I'm here to play the game and to experience this hotel from the inside, the full experience, in the hope of seeing a sign, I don't know what kind of sign but a sign, something which has yet to be revealed to the investigators or the press—but I confess to great difficulty in passing a normal night.

A swarm of questions are buzzing around in my head. Pearl's thoughts? His reactions? Was Pearl greeted the way I was, with the same visible suspicion? Or, on the contrary, were the people at the reception and in the lobby accomplices, briefed by Omar and so on his side? Was Pearl suspicious? Did he wonder, too, what was this strange place he'd happened upon? Did Omar have to provide explanations, justifications? How, in general, did their first meeting go? Did they talk about London and Los Angeles? About their babies? Their wives? Was the room service waiter the same little bearded guy in a djellaba, with one leg shorter than the other, making him walk hesitantly? Did it take him two hours to get up to Pearl's room, as well?

I am obsessed and tormented by the same doubts, which, with the night, take on awesome dimensions: Who were those men downstairs? Why was the desk clerk, when the hotel is visibly empty, so reluctant to give me a room? Why, in an empty hotel, do I hear the sound of footsteps, of stairs being climbed softly, those creaks of an old spring mattress in the room next door, these whispered conversations outside my door? Are they conversations, in fact? Or labored breathing? Moans of pain? Or the sound of furniture being moved? Why do I feel as if I am not alone? As if I'm being spied on even in my room? What if this Hotel Akbar, in other words, was not exactly a normal hotel?

The next day, as I'm paying my bill, I get the first part of an answer to my questions.

In front of me are some of the same men from yesterday, also waiting to pay—except that they present a card and repeat an identical phrase as they do so, a phrase which I don't understand but which seems to give them the right to a substantial discount.

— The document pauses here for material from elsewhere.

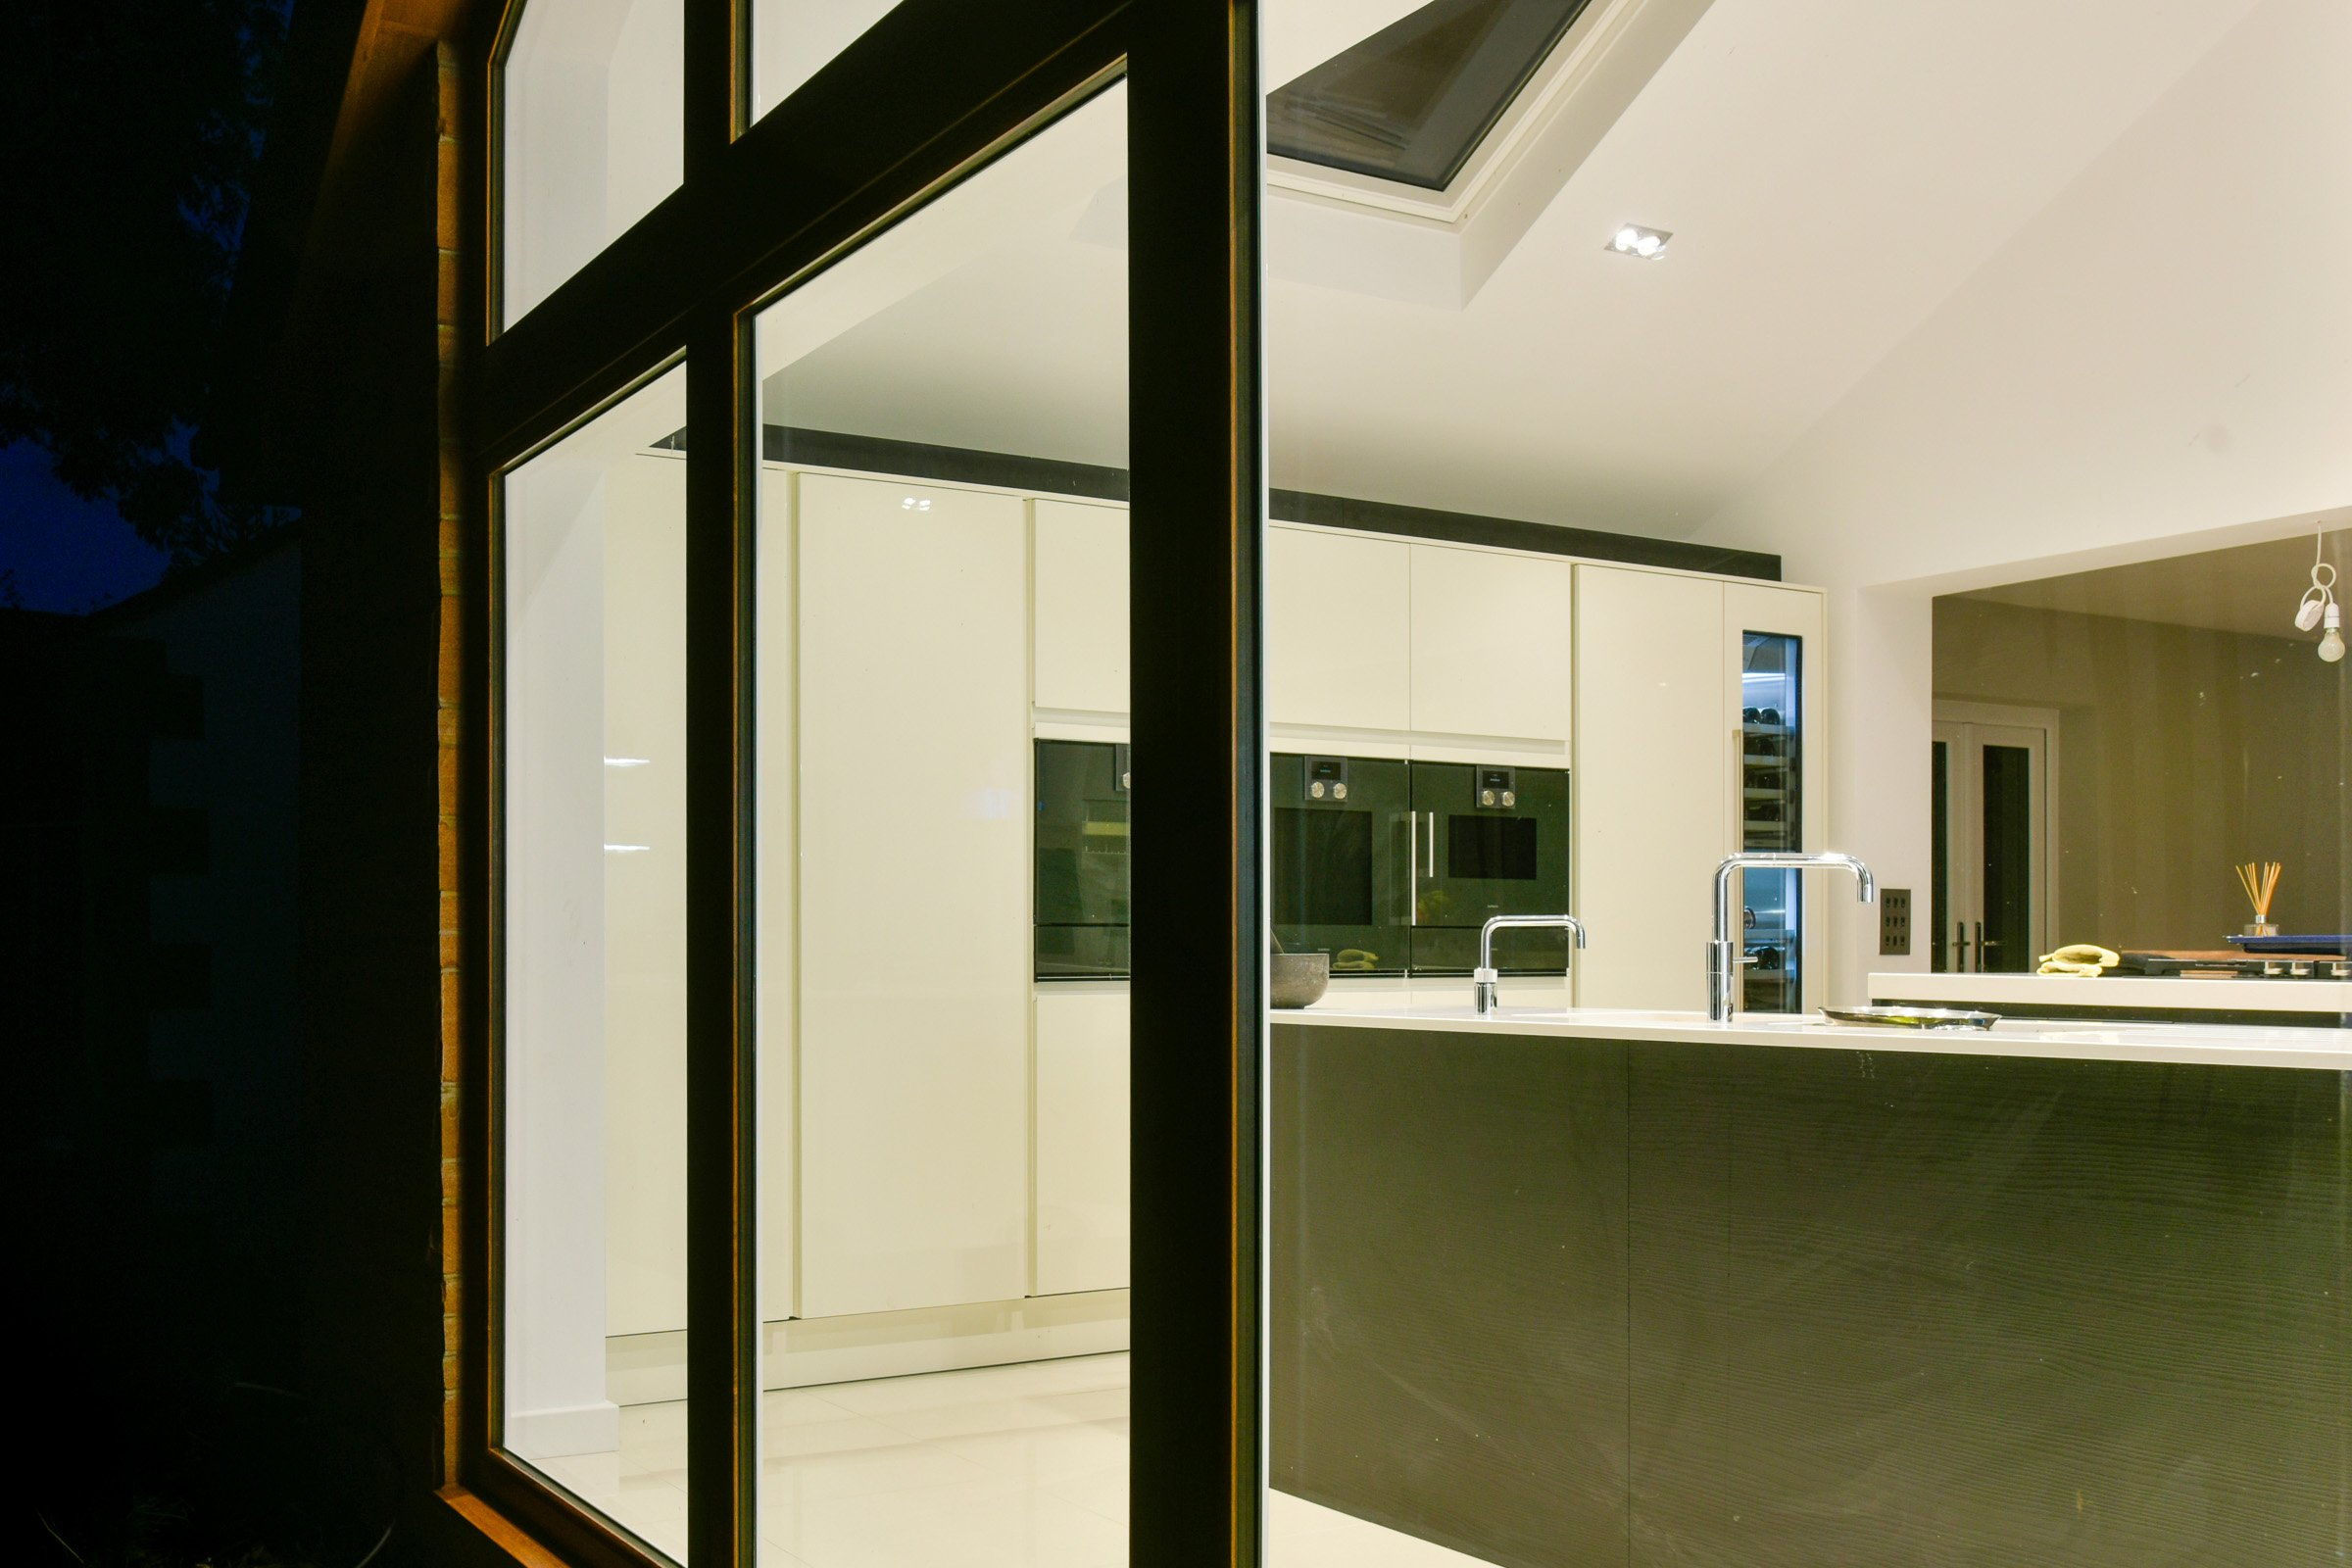 Luxury kitchen with Rako lighting control

Further away, in groups of five or six around the low tables, are other men, less prosperous, who don't seem to have rooms but are there nonetheless, regulars, silent, getting warm and drinking large cups of tea with milk, very hot, without saucers, with endless refills.

And finally in the restaurant, which has been rearranged during the night with the tables set up as if it were a classroom, thirty other men, who also look poor, with beards, are listening to a man of military bearing give a lecture.